Sus ojos azules me lanzaron una mirada que me hizo retroceder hasta apoyarme en la puerta del coche.

—No soy tu hija, Dresden —dijo en voz baja y tranquila—. No soy una muñeca de porcelana en una vitrina. Soy policía. Atrapo a los malos y los meto entre rejas, y si es necesario, dejo que me metan una bala, para evitar que se la metan a un contable o a una pobre ama de casa. —Se sacó la pistola de la funda que llevaba en el hombro, comprobó la munición y el seguro y volvió a ponérsela—. No necesito que me protejas.

—Espera, Murphy —dije precipitadamente—. No lo hice para fastidiarte. Soy tu amigo, siempre lo he sido.

Apartó su mirada de mí cuando un agente pasó al lado del coche con una linterna, alumbrando el suelo en busca de pruebas.

—Eras mi amigo, Dresden. Ahora… —Murphy sacudió la cabeza y apretó la mandíbula—. Ahora no lo sé.

No podía decir gran cosa. Pero no podía dejarlo así. A pesar del tiempo que había trascurrido, no había intentando ponerme en su piel. Murphy no era maga. Apenas conocía el mundo de lo sobrenatural, el mundo que la gran religión de la ciencia había querido desterrar desde el Renacimiento. No podía defenderse de las cosas que había encontrado, no tenía ningún arma aparte de lo que yo pudiera enseñarle. Y, la pasada primavera, yo le había quitado aquella arma y la había dejado indefensa. Tenía que haber sido horrible para Murphy enfrentarse cada día a cosas que no tenían sentido, a cosas que no entendían ni los forenses.

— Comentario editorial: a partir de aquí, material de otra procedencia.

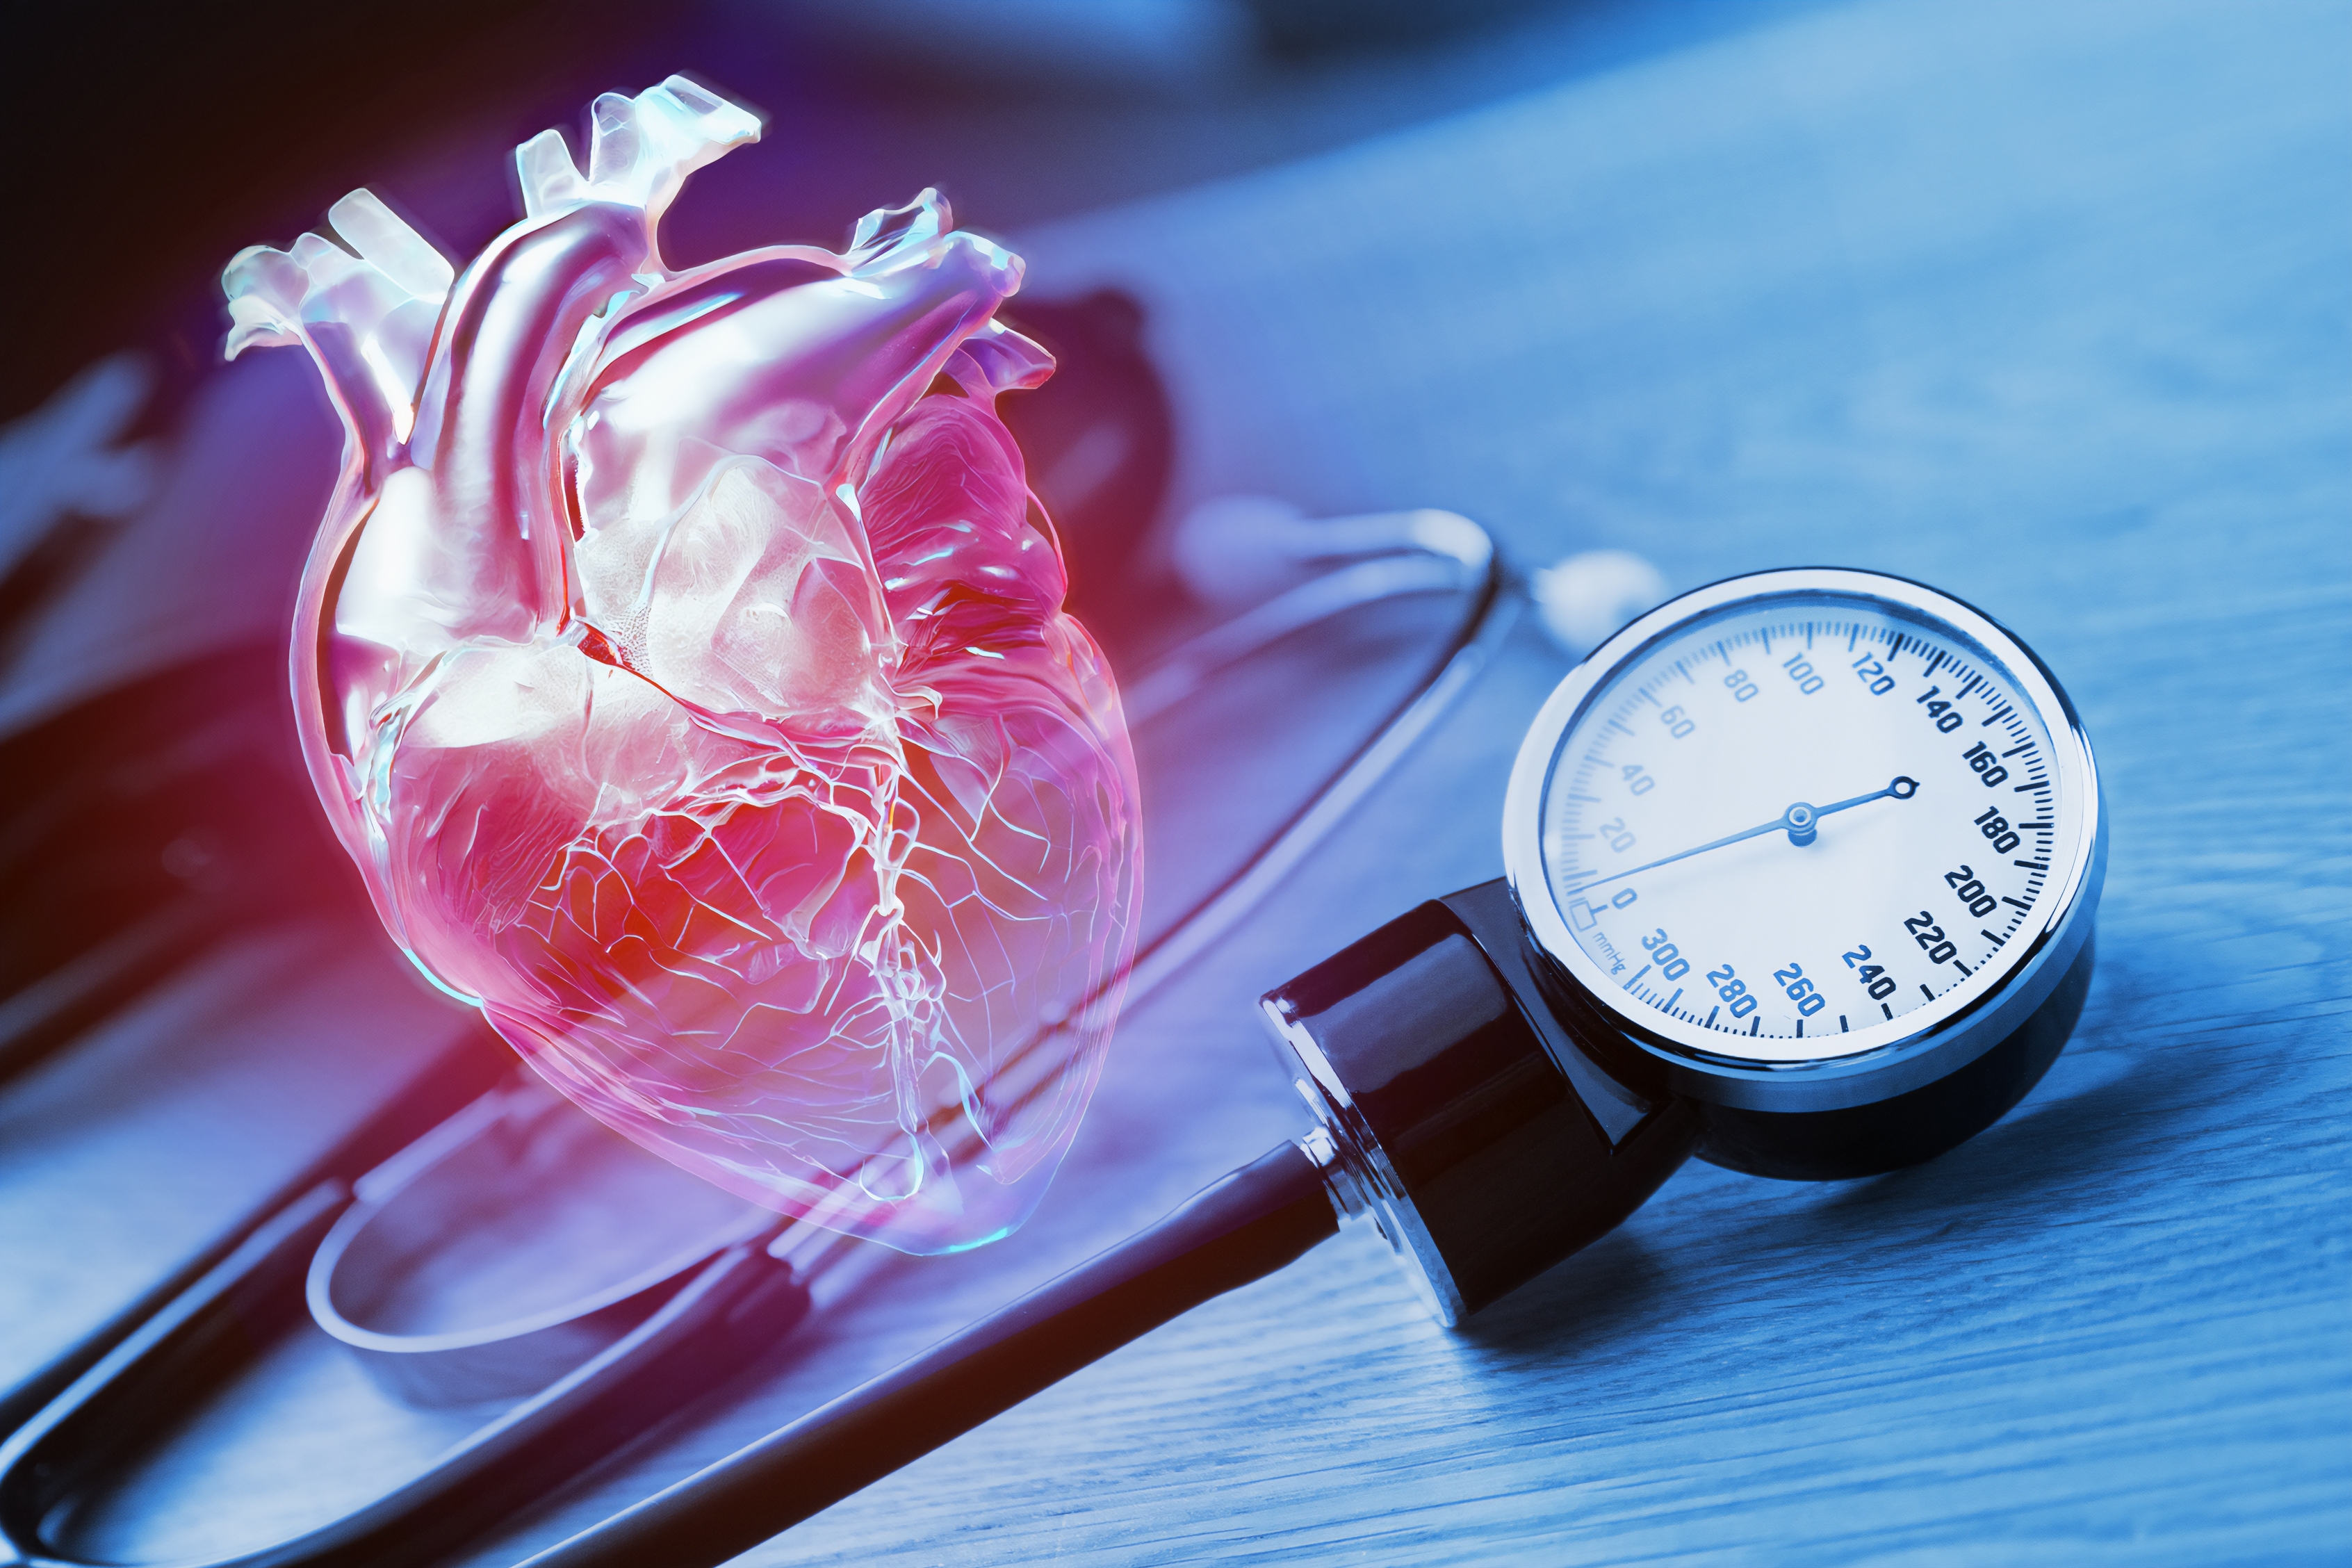 Can psychological illnesses increase heart disease risk?

Eso es lo que hacían en Investigaciones Especiales. Era el equipo especialmente nombrado por el alcalde de Chicago para investigar todos los «crímenes inusuales» que ocurrían en la ciudad. La opinión pública, la Iglesia y los políticos desaprobaban cualquier referencia a la magia, a lo sobrenatural, a los vampiros o a los magos; pero las criaturas del mundo espiritual seguían acechando: trolls asaltantes, hadas que secuestraban niños, fantasmas, espectros y hombres del saco de todo tipo. Seguían aterrorizando e hiriendo a las personas, y los datos que había reunido indicaban que las cosas estaban empeorando. Alguien tenía que intentar detenerlo. En Chicago y en cualquier sitio del área metropolitana, esa persona era Karrin Murphy y su equipo de IE. Había durado en el cargo más que ninguno de sus muchos predecesores porque estaba abierta a la idea de una realidad distinta. Porque usaba los servicios del único mago del país en activo.

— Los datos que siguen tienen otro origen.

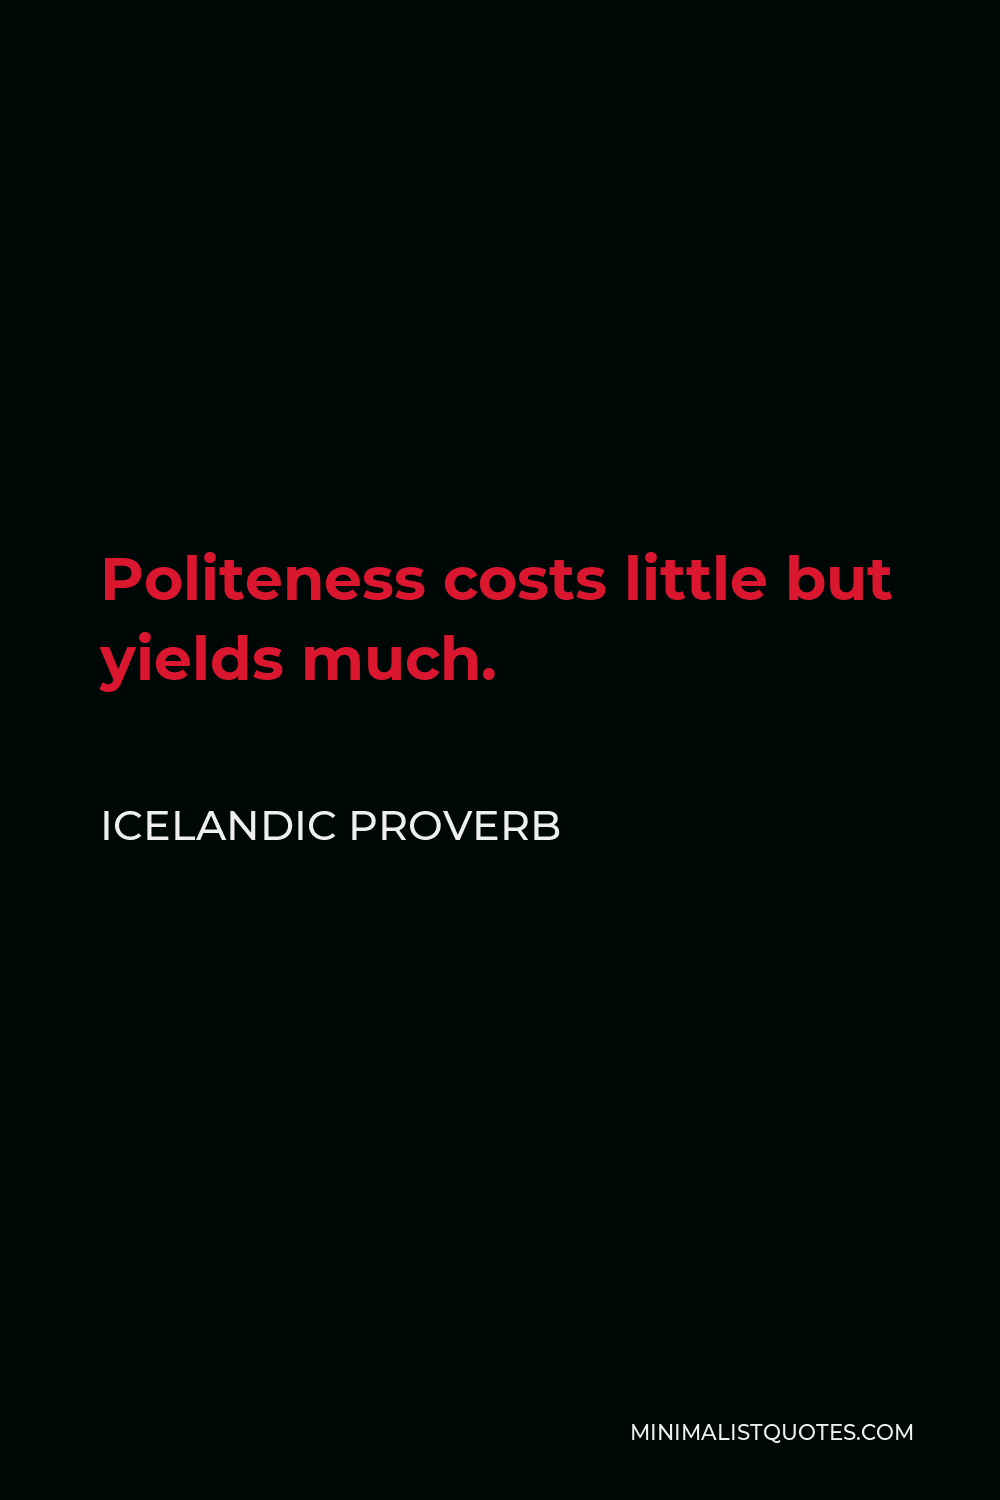 Icelandic Proverb Quote - Politeness costs little but yields much.

No sabía qué decir, así que mi boca empezó a hablar sola.

—Lo siento, Karrin.

Guardamos silencio durante mucho, mucho rato.

Tembló ligeramente y, por fin, sacudió la cabeza.

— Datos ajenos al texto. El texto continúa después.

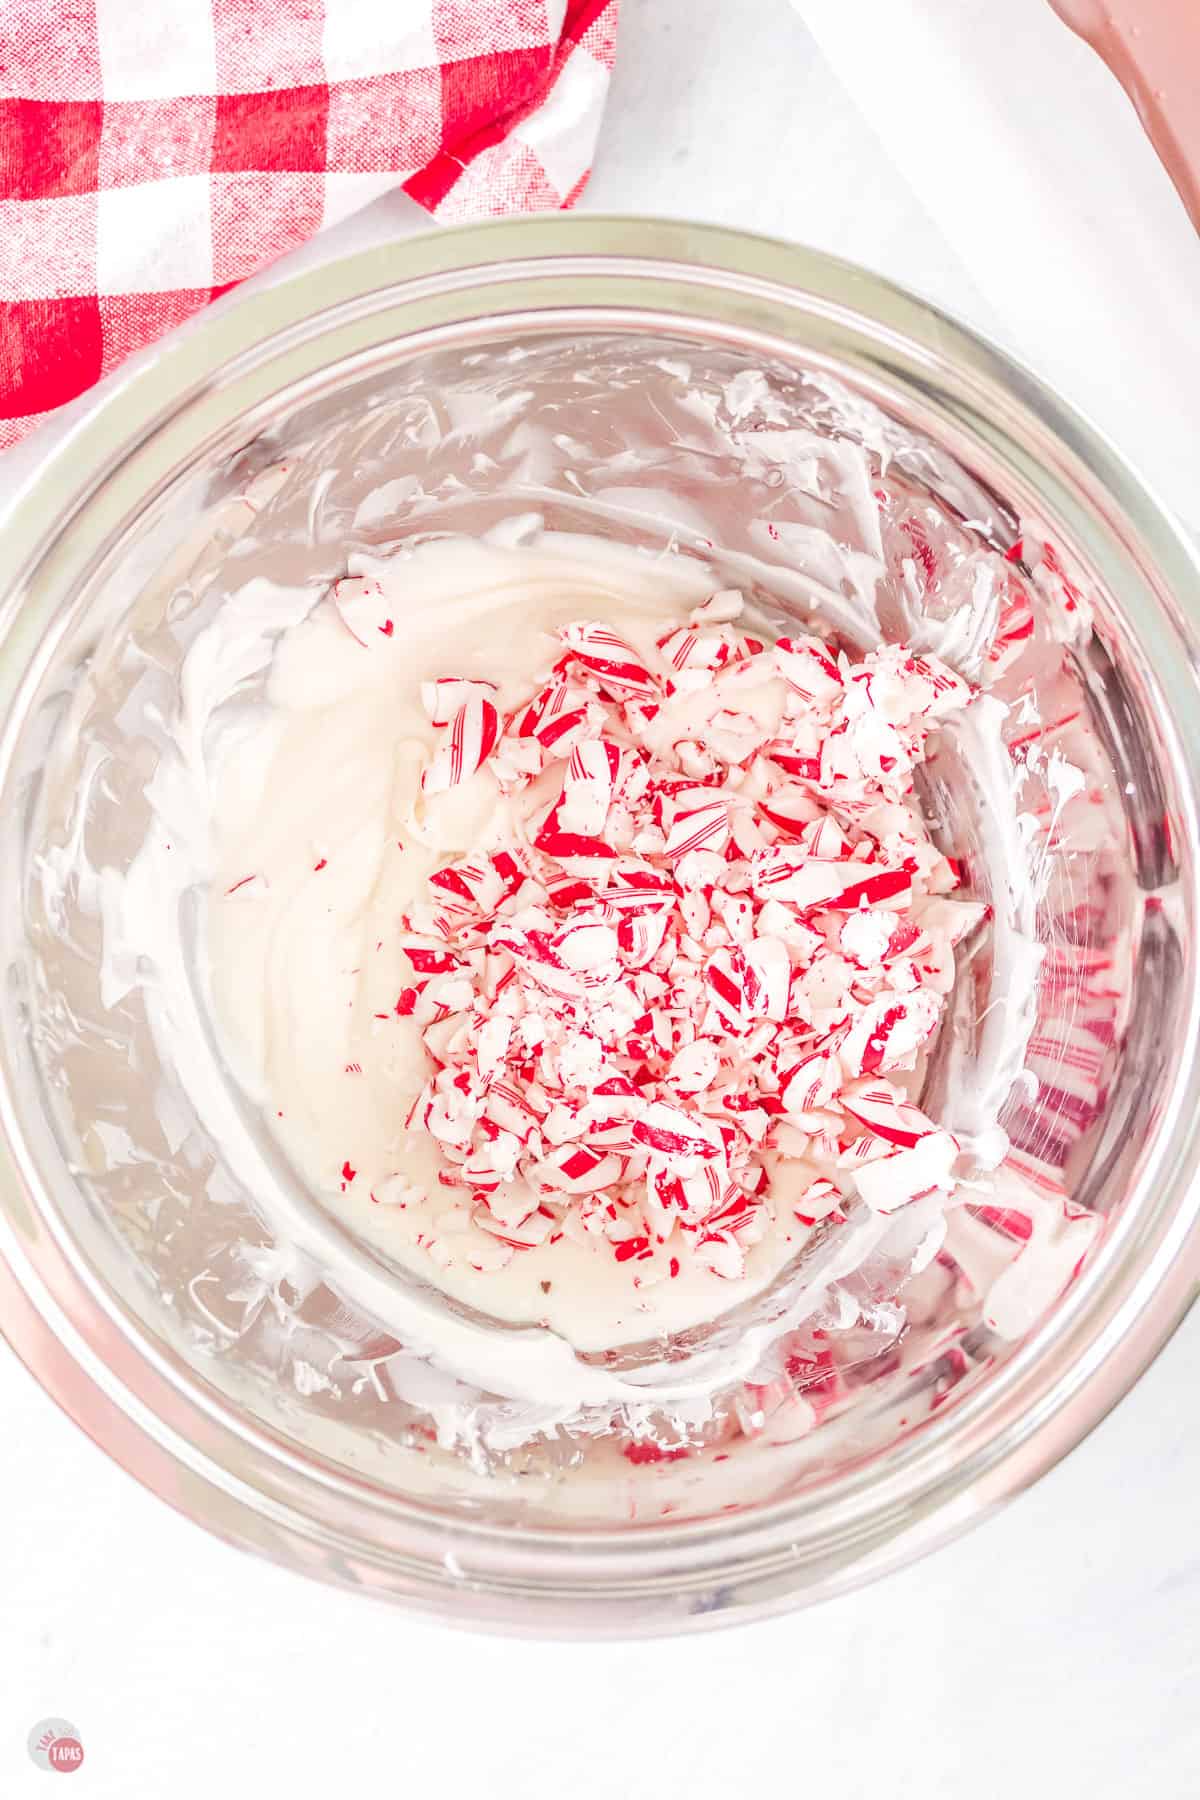 white chocolate and candy canes

—De acuerdo, pero si te meto en esto, Harry, quiero que me des tu palabra. Esta vez no quiero secretos. Ni para protegerme ni para nada.

Miró por la ventana, sus rasgos se suavizaron a la luz de la luna y de las distantes farolas.

—Murphy —dije— no puedo prometértelo. ¿Cómo puedes pedirme que…?

La rabia iluminó su rostro y me agarró la mano. Le hizo algo a uno de mis dedos y el dolor me subió por el brazo; sacudí la mano en un acto reflejo, soltando las llaves. Las cogió y las puso en el contacto.

Me estremecí y sacudí mis doloridos dedos durante un momento. Después le cubrí la mano con la mía.

—Vale —dije—. De acuerdo. Te lo prometo. No más secretos.

Me miró a los ojos un instante y después apartó la vista. Arrancó el coche y salió del aparcamiento.

—Vale, te lo contaré. Te lo contaré porque necesito toda la ayuda que puedas darme. Porque si no atrapamos a esa cosa, a ese hombre lobo, este mes vamos a tener otro montón de cadáveres en nuestras manos. Y porque —suspiró— si no lo hacemos, voy a perder mi empleo. Y seguramente tú acabarás en prisión.